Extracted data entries
=== Section Start ===
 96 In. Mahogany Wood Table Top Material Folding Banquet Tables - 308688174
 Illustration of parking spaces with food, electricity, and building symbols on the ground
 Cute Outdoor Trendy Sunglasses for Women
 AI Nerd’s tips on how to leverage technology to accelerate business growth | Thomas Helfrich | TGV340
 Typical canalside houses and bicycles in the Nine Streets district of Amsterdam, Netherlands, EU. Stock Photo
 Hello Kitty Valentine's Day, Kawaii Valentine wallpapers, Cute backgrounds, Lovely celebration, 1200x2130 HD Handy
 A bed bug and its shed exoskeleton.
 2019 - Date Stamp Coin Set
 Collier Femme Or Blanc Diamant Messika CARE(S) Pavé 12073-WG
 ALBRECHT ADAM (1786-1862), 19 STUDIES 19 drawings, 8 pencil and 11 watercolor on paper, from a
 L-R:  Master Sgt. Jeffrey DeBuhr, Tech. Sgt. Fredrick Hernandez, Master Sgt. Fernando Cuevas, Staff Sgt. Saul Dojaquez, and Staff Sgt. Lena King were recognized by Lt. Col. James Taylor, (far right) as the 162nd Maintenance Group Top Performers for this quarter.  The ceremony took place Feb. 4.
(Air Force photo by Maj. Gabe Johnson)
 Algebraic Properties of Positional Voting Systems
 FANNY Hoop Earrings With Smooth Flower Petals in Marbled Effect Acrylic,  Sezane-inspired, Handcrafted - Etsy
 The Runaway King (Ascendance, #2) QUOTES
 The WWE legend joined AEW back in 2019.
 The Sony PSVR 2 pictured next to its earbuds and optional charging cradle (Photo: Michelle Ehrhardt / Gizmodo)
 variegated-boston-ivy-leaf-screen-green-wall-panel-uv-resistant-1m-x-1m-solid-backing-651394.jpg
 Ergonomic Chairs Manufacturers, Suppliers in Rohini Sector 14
=== Section End ===
Repeat word for word from the line holding "Hello Kitty Valentine's" down to the last line above, including both.

 Hello Kitty Valentine's Day, Kawaii Valentine wallpapers, Cute backgrounds, Lovely celebration, 1200x2130 HD Handy
 A bed bug and its shed exoskeleton.
 2019 - Date Stamp Coin Set
 Collier Femme Or Blanc Diamant Messika CARE(S) Pavé 12073-WG
 ALBRECHT ADAM (1786-1862), 19 STUDIES 19 drawings, 8 pencil and 11 watercolor on paper, from a
 L-R:  Master Sgt. Jeffrey DeBuhr, Tech. Sgt. Fredrick Hernandez, Master Sgt. Fernando Cuevas, Staff Sgt. Saul Dojaquez, and Staff Sgt. Lena King were recognized by Lt. Col. James Taylor, (far right) as the 162nd Maintenance Group Top Performers for this quarter.  The ceremony took place Feb. 4.
(Air Force photo by Maj. Gabe Johnson)
 Algebraic Properties of Positional Voting Systems
 FANNY Hoop Earrings With Smooth Flower Petals in Marbled Effect Acrylic,  Sezane-inspired, Handcrafted - Etsy
 The Runaway King (Ascendance, #2) QUOTES
 The WWE legend joined AEW back in 2019.
 The Sony PSVR 2 pictured next to its earbuds and optional charging cradle (Photo: Michelle Ehrhardt / Gizmodo)
 variegated-boston-ivy-leaf-screen-green-wall-panel-uv-resistant-1m-x-1m-solid-backing-651394.jpg
 Ergonomic Chairs Manufacturers, Suppliers in Rohini Sector 14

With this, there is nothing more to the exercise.